The inherent ability of peptides to self-assemble with directional and rationally predictable interactions has fostered a plethora of synthetic two-dimensional (2D) supramolecular biomaterials. However, the design of peptides with hierarchical assembly in different dimensions across mesoscopic lengths remains a challenging task. We here describe the structural exploration of a d/l-alternating cyclic octapeptide capable of assembling one-dimensional (1D) nanotubes in water, which subsequently pack laterally to form giant 2D nanosheets up to 500 μm long with a constant 3.2 nm thickness. Specific amino acid mutations allowed the mapping of structure-assembly relationships that determine 2D self-assembly. Nine peptide modifications were studied, revealing key features in the peptide sequence that nanosheets tolerated, while a total of three peptide variants included modifications that compromised their 2D arrangement. These lessons will serve as guide and inspiration for new 2D supramolecular peptide designs.

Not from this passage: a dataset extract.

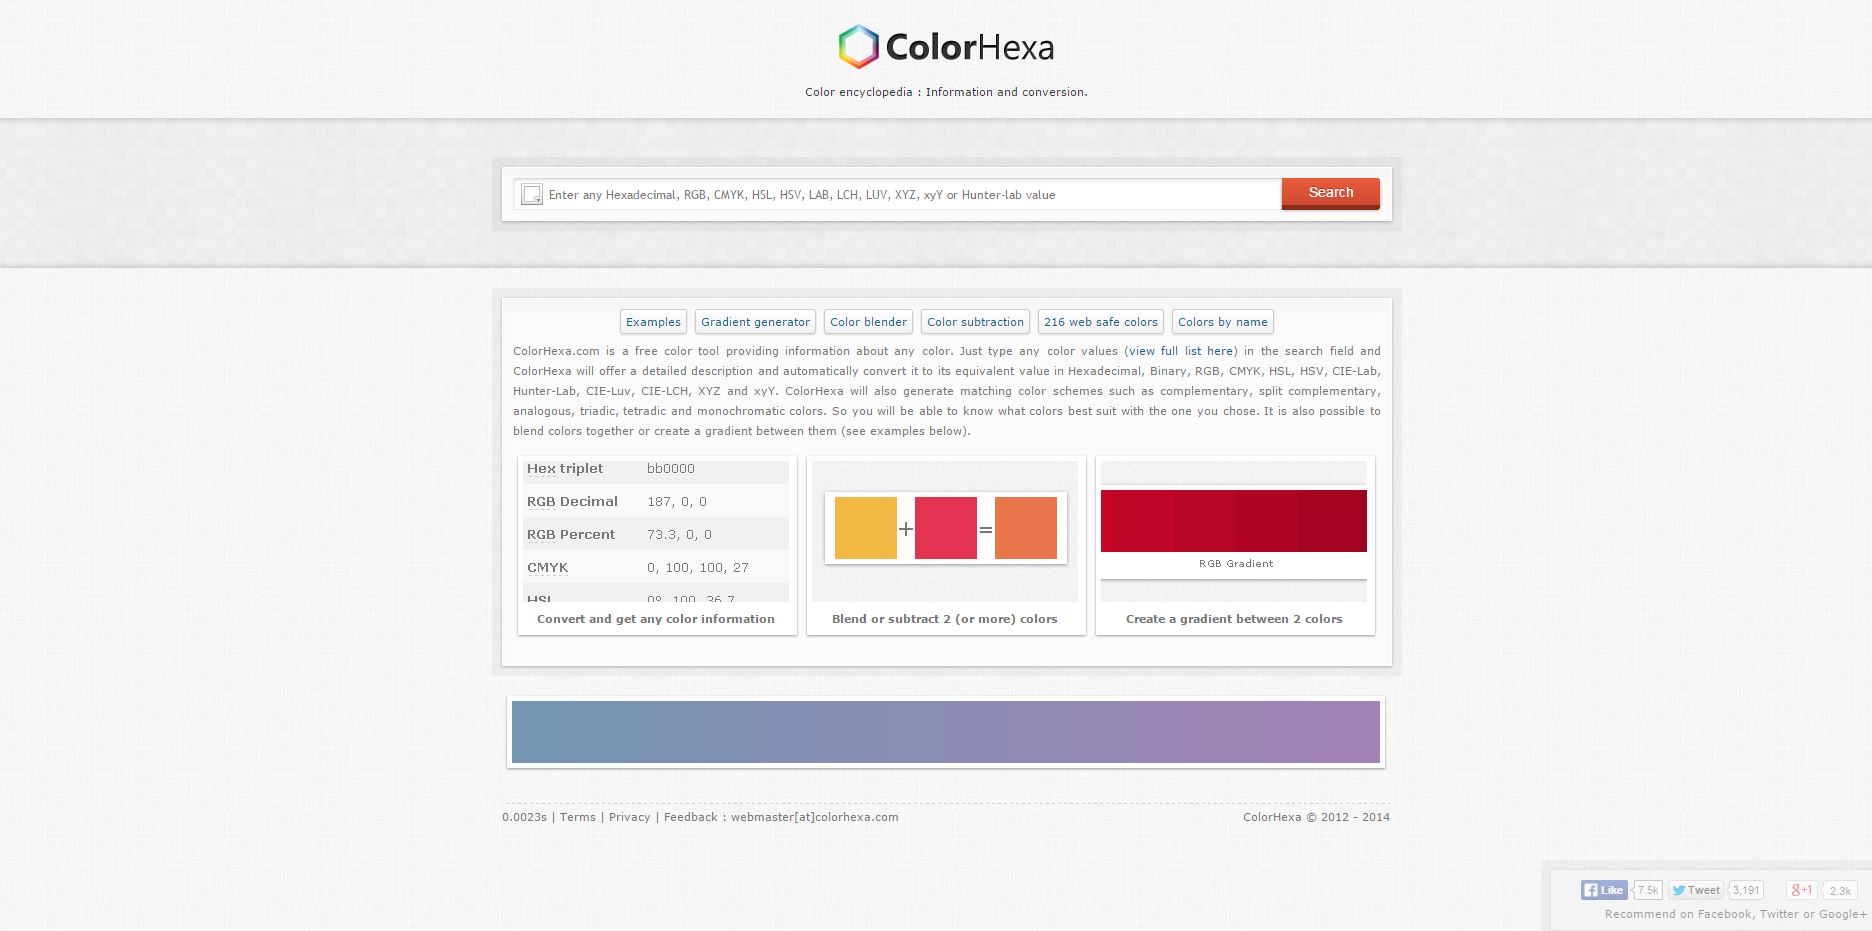 <a href="http://www.colorhexa.com/" target="_blank">colorhexa.com</a> - This website is your go-to resource for color codes. Find color palettes with color wheels and many other resources.
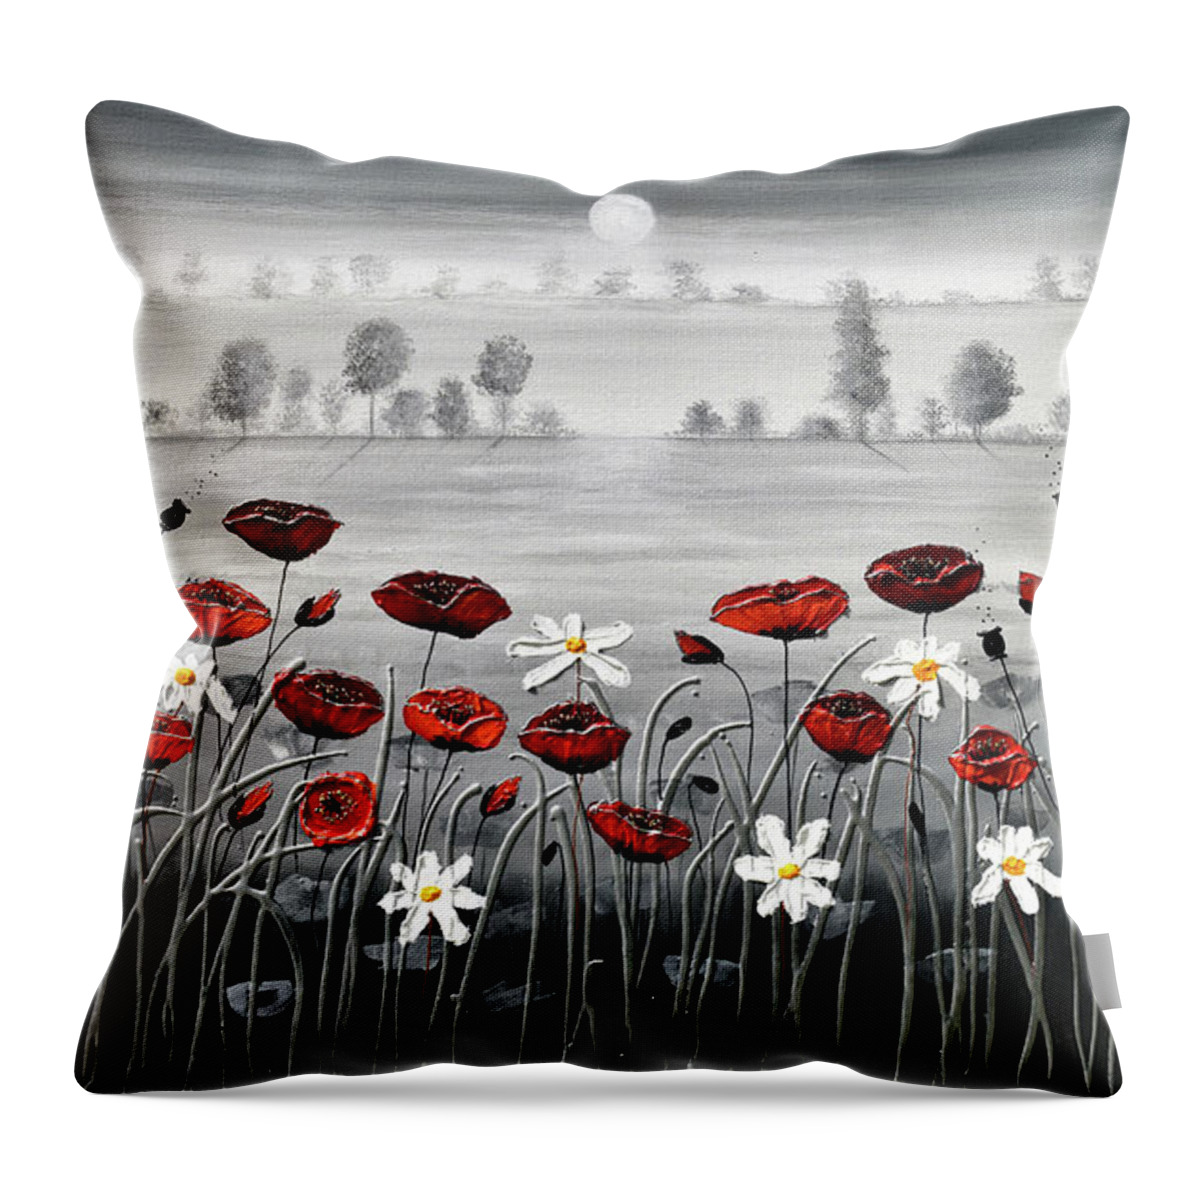 Red Poppies Throw Pillow featuring the painting In the Distance by Amanda Dagg

多肽具有自组装的固有能力,能够形成具有方向性和可预测性的相互作用,从而促进了大量的二维(2D)超分子生物材料的合成。然而,设计具有层次组装的多肽,使其在不同维度上跨越介观长度仍然是一项具有挑战性的任务。在这里,我们描述了一种 d/l-交替环状八肽的结构探索,该八肽能够在水中组装一维(1D)纳米管,然后侧向堆积形成长达 500 μm 的巨大 2D 纳米片,厚度恒定为 3.2 nm。特定的氨基酸突变允许对确定 2D 自组装的结构-组装关系进行映射。研究了 9 种肽修饰,揭示了肽序列中纳米片能够容忍的关键特征,而总共有 3 种肽变体包括了破坏其 2D 排列的修饰。这些经验教训将为新的 2D 超分子肽设计提供指导和启示。